With respect to the last issue, it is apparent that public respondents have misread the evidence, for it
does show that a violation of the employer's rules has been committed and the evidence of such
transgression, the copied barong tagalog, was in the possession of Pelobello who pointed to Zapata
as the owner. When required by their employer to explain in a memorandum issued to each of them,
they not only failed to do so but instead went on AWOL (absence without official leave), waited for
the period to explain to expire and for petitioner to dismiss them. They thereafter filed an action for
illegal dismissal on the far-fetched ground that they were dismissed because of union activities.
Assuming that such acts do not constitute abandonment of their jobs as insisted by private
respondents, their blatant disregard of their employer's memorandum is undoubtedly an open
defiance to the lawful orders of the latter, a justifiable ground for termination of employment by the
employer expressly provided for in Article 283(a) of the Labor Code as well as a clear indication of
guilt for the commission of acts inimical to the interests of the employer, another justifiable ground
for dismissal under the same Article of the Labor Code, paragraph (c). Well established in our
jurisprudence is the right of an employer to dismiss an employee whose continuance in the service is
inimical to the employer's interest. 16

In fact the Labor Arbiter himself to whom the explanation of private respondents was submitted gave
no credence to their version and found their excuses that said barong tagalog was the one they got
from the embroiderer for the Assistant Manager who was investigating them, unbelievable.
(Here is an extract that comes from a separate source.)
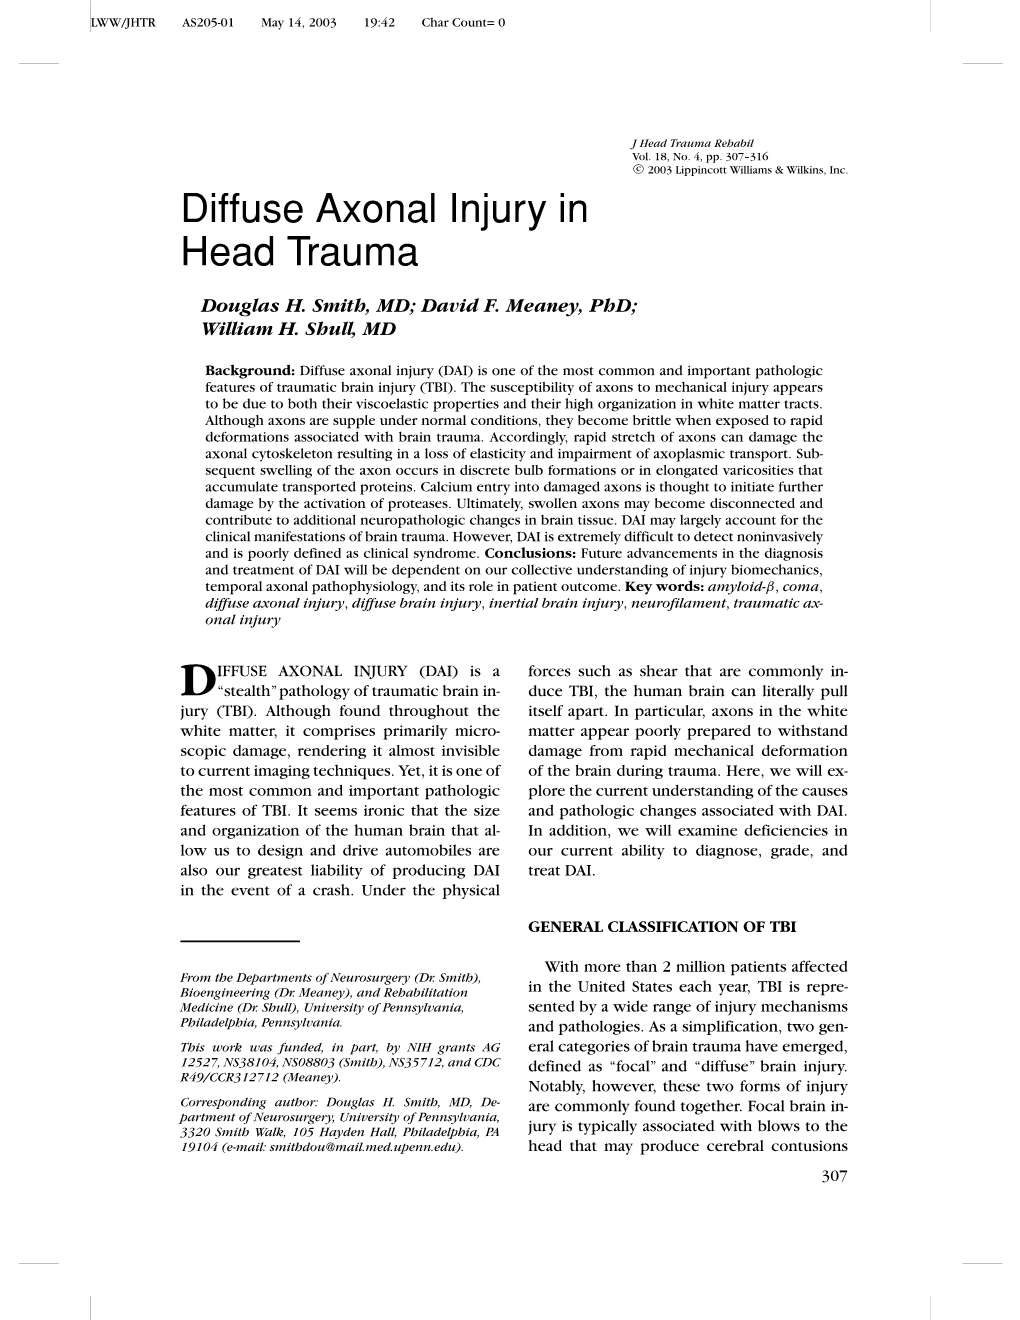 Diffuse Axonal Injury in Head Trauma

Under the circumstances, it is evident that there is no illegal dismissal of said employees. Thus, We
have ruled that:

No employer may rationally be expected to continue in employment a person whose


lack of morals, respect and loyalty to his employer, regard for his employer's rules,
and appreciation of the dignity and responsibility of his office, has so plainly and
completely been bared.

That there should be concern, sympathy, and solicitude for the rights and welfare of
the working class, is meet and proper. That in controversies between a laborer and
his master, doubts reasonably arising from the evidence, or in the interpretation of
agreements and writings should be resolved in the former's favor, is not an
unreasonable or unfair rule. But that disregard of the employer's own rights and
interests can be justified by that concern and solicitude is unjust and unacceptable.
(Stanford Microsystems, Inc. v. NLRC, 157 SCRA 414-415 [1988] ).
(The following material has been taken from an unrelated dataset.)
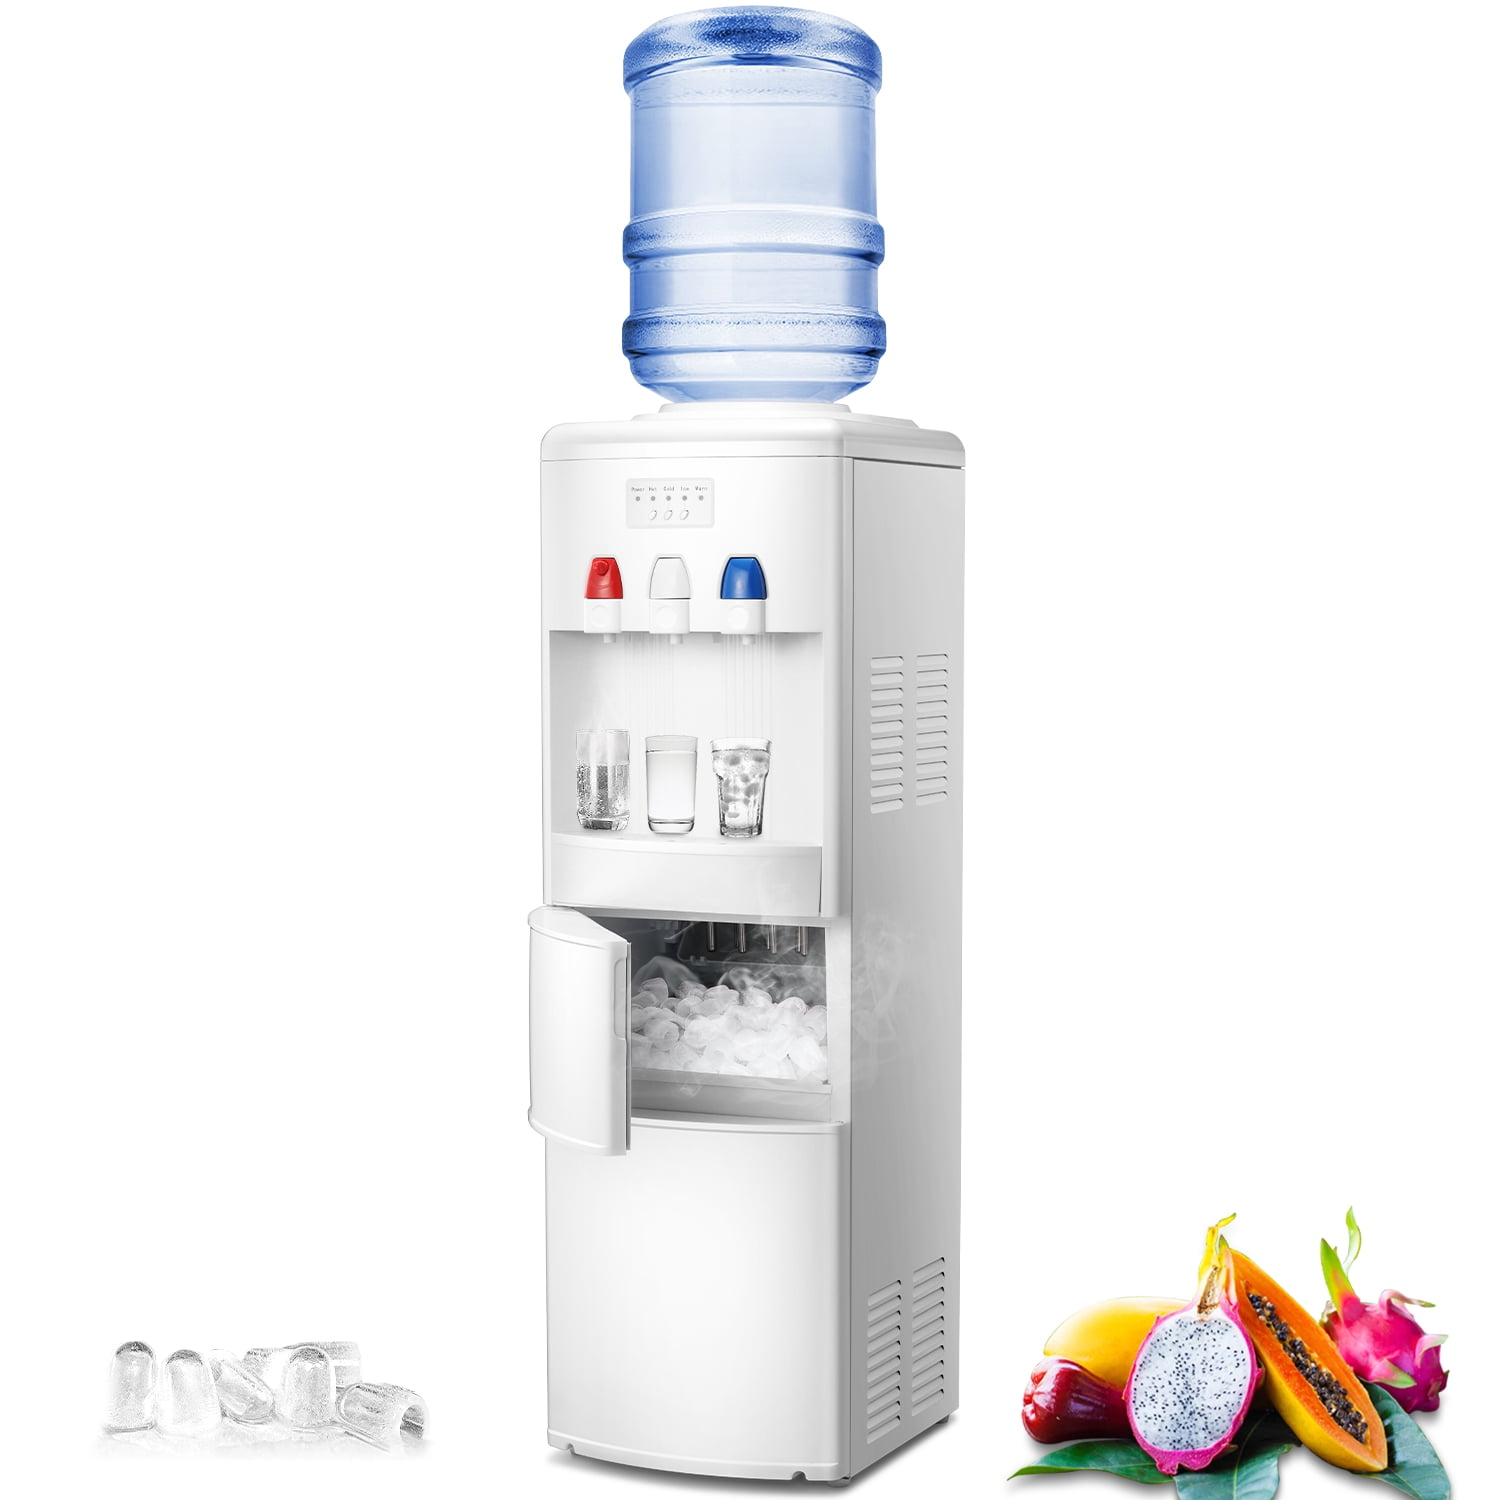 UKISHIRO 3 in 1 Countertop Water Cooler Dispenser with Ice Maker

The law is protecting the rights of the laborer authorizes neither oppression nor self-destruction of
the employer. 17 More importantly, while the Constitution is committed to the policy of social justice and
the protection of the working class, it should not be supposed that every labor dispute will automatically
be decided in favor of labor. 18
Finally, it has been established that the right to dismiss or otherwise impose discriplinary sanctions
upon an employee for just and valid cause, pertains in the first place to the employer, as well as the
authority to determine the existence of said cause in accordance with the norms of due process. 19

There is no evidence that the employer violated said norms. On the contrary, private respondents
who vigorously insist on the existence of employer-employee relationship, because of the
supervision and control of their employer over them, were the very ones who exhibited their lack of
respect and regard for their employer's rules.
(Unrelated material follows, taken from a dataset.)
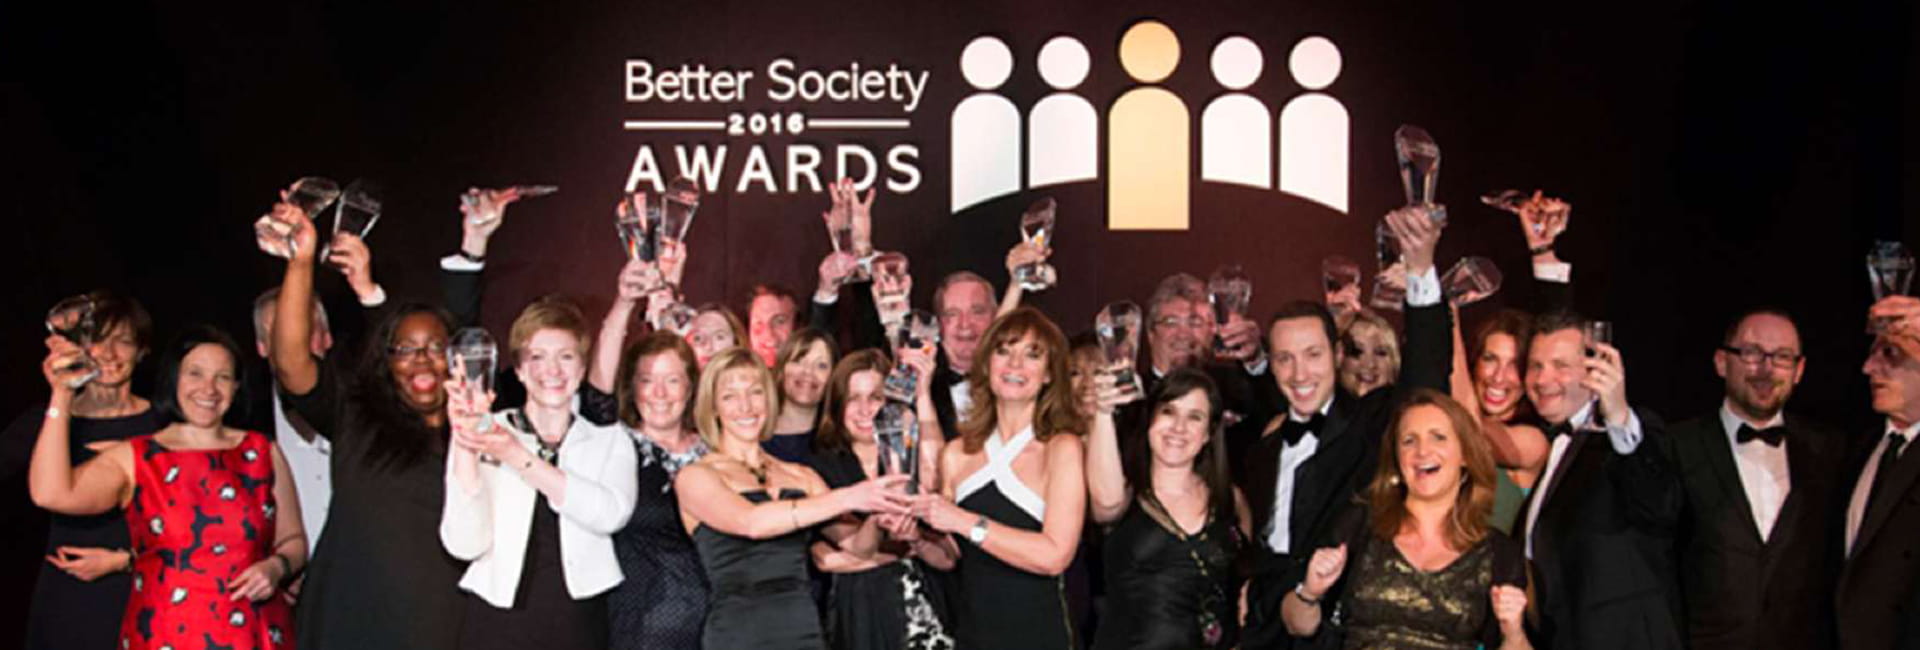 Better Society Awards

Under the foregoing facts, it is evident that petitioner Haberdashery had valid grounds to terminate
the services of private respondents.

WHEREFORE, the decision of the National Labor Relations Commission dated March 30, 1988 and
that of the Labor Arbiter dated June 10, 1986 are hereby modified. The complaint filed by Pelobello
and Zapata for illegal dismissal docketed as NLRC NCR Case No. 2-428-85 is dismissed for lack of
factual and legal bases. Award of service incentive leave pay to private respondents is deleted.

SO ORDERED.

Gutierrez, Jr., Feliciano, Bidin and Cortes, JJ., concur.